だが,戦略キャンバスの目玉は,新たな価値の要素を付け加えることにある。これは,既存の競争の分析からは導かれない。ここをどうするかが難しい。無から有を生むような話だ。系統的な手法などあるはずがない,と言い切ることもできる。ただ,そうではないほうに賭けたいと思う。無から有が生まれるのではなく,現存するもののなかに絶対ヒントがあるはずだ。ただ,それは単純な足し算からは生まれない。さまざまなブロックをいろいろつなぎ合わせ,ひっくり返したり,ねじったり,放り投げたりしているうちに,Aha! の瞬間が訪れる。

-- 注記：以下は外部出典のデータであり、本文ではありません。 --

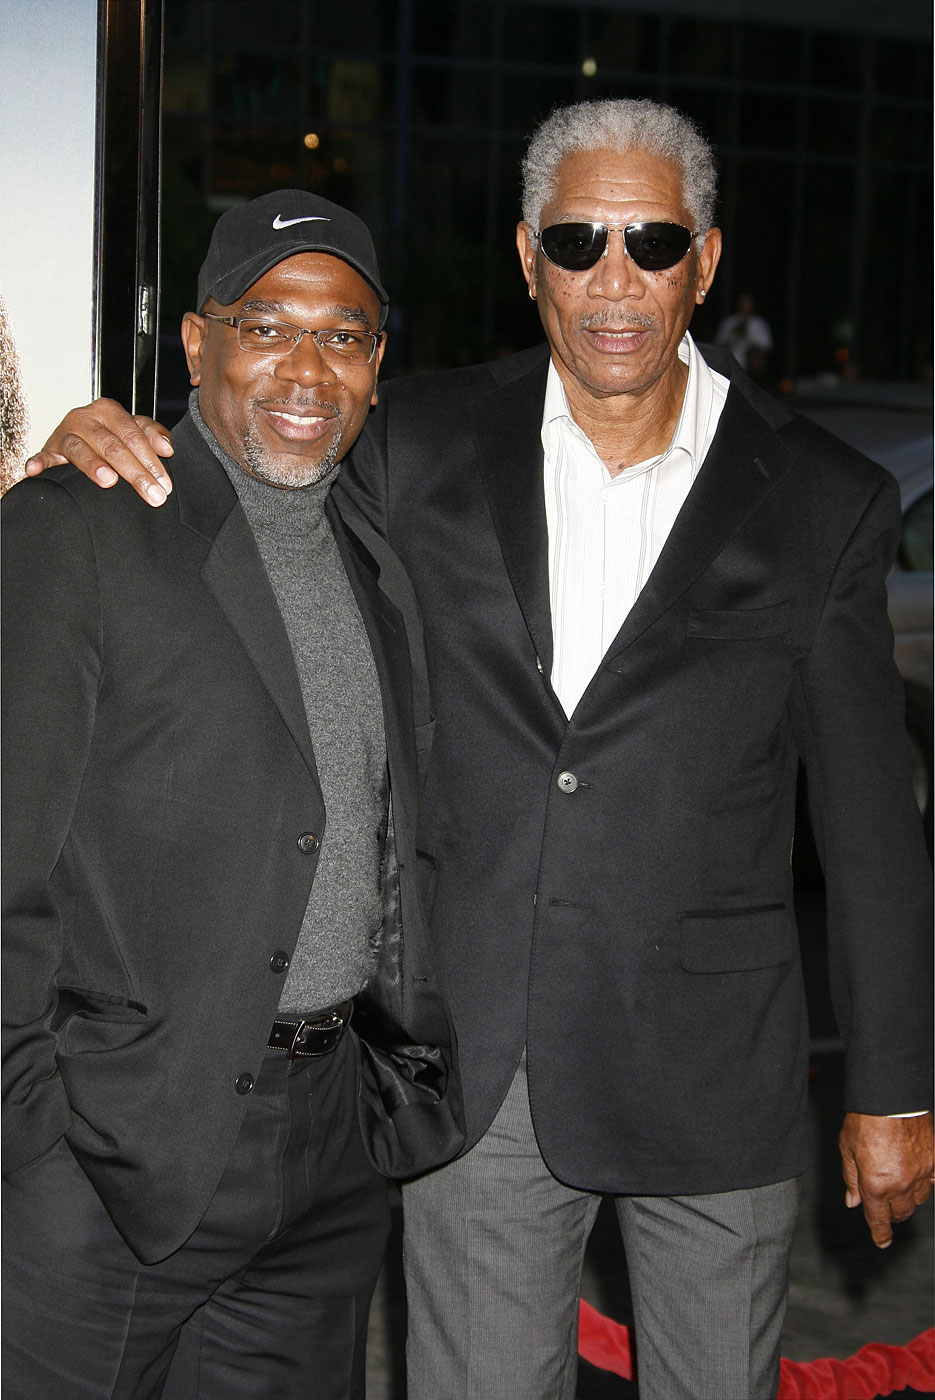 Morgan Freeman's son Alfonso (left) posed for Red's mugshot.

これについては,世に溢れるアイデア発想法の本からも何か学べると思っている。だから,このゼミではいずれをそれを取り上げる予定だが,その前にゲーム理論の入門書を読む予定である。アイデアの話にいきなり行く前に,競争や意思決定に関する論理的な思考に触れておいたほうがいいと考えるからだ。もちろん,正統的なゲーム理論では戦略は所与であって,その創出は理論の範囲外にある。ゲーム理論の論理的世界とアイデア発想の想像的世界は表面上水と油の関係にある。それを混ぜ合わせるとどうなるのか・・・Aha! が生じないかと淡い期待。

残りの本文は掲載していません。